Con el asomo de una sonrisa, Johann Ambrosius dijo:
–¿Si?
–Sí padre, ya lo he hecho en la escuela. El
chantre Dedekin me dio a copiar todas las partes de soprano del coro y
ayer me dijo que lo había hecho muy bien. Sí, eso es exactamente
lo que me dijo.
–Muy bien, veamos que puedes hacer– y en un gesto
afectuoso tomó a Johann Sebastian (que a los nueve años pesaba
poco más que una ardilla) en sus brazos y lo depositó sobre la
silla que acababa de dejar.
La responsabilidad le pesaba, pero con mano firme se puso a
copiar la parte de violín de Hochzeit des Lammes, de Buxtehude,
que su padre iba a tocar, con otros seis músicos, el domingo siguiente en
la Georgkirche. Johann Ambrosius miró por sobre el hombro de su hijo y le
gustó lo que vio. Mientras se sentaba a estudiar otra partitura
alcanzó a ver a Johann Jacob que, tras atisbar por la puerta
entreabierta, se escapaba. ¿Qué travesura haría esta vez?

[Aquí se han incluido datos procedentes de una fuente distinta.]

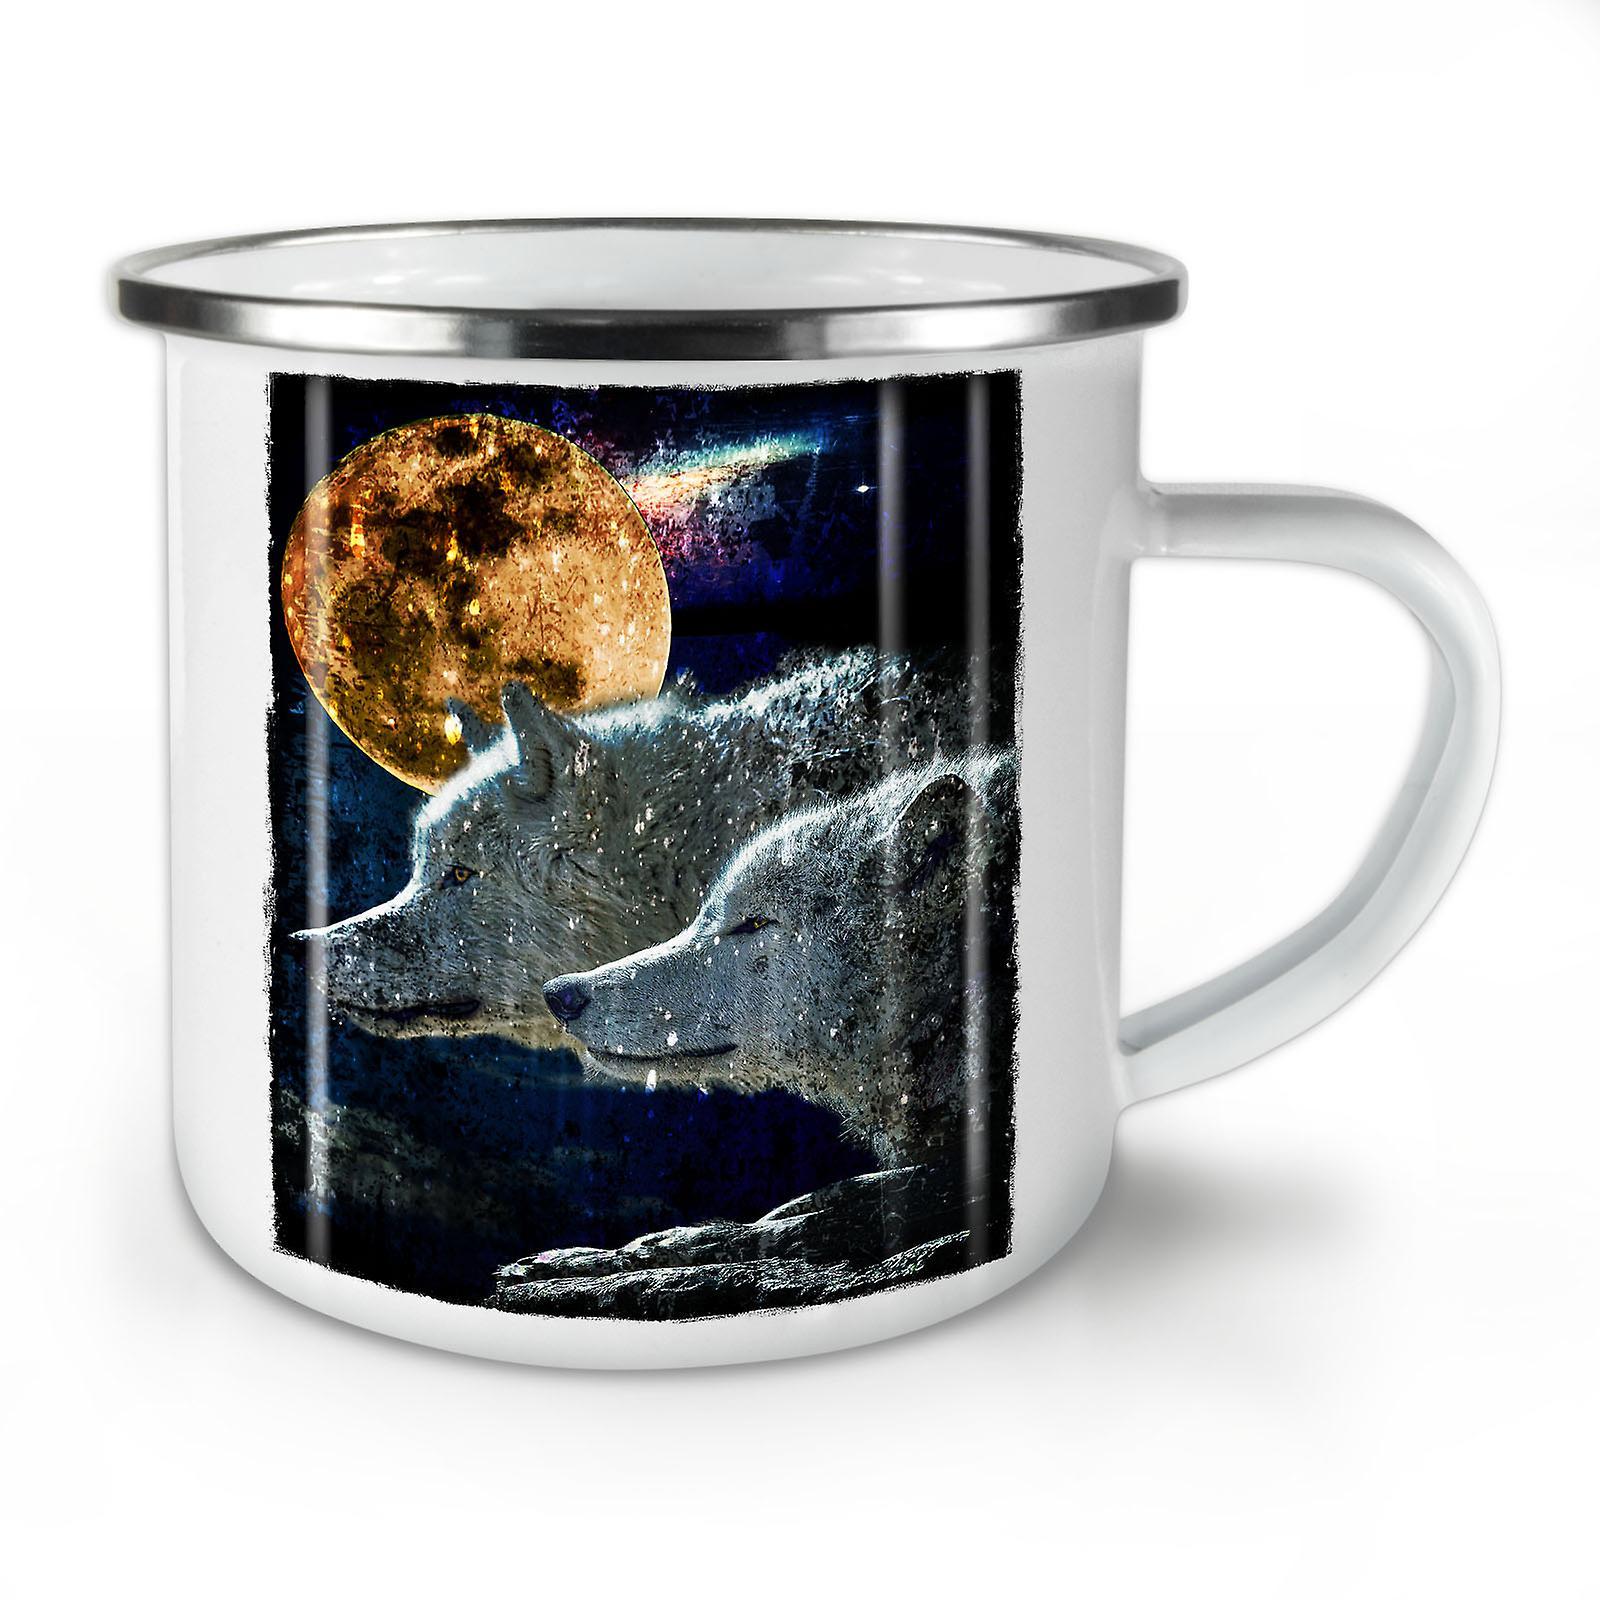 Moon Nouveau OzWellcoda Wolf Café Couple De Animal Mug10 Whitetea Émail b7gYf6yv

¡Había tanta energía en ese niño!... Trepaba a los
árboles, molestaba a los vecinos... De pronto, se sintió muy
cansado. Aún no había cumplido los cincuenta pero se sentía
como si tuviera más de cien años. ¡Los hijos! Dicen que son
una bendición, pero no es verdad: son bocas que alimentar y uno no sabe
si vivirán lo bastante para ayudarle un poco.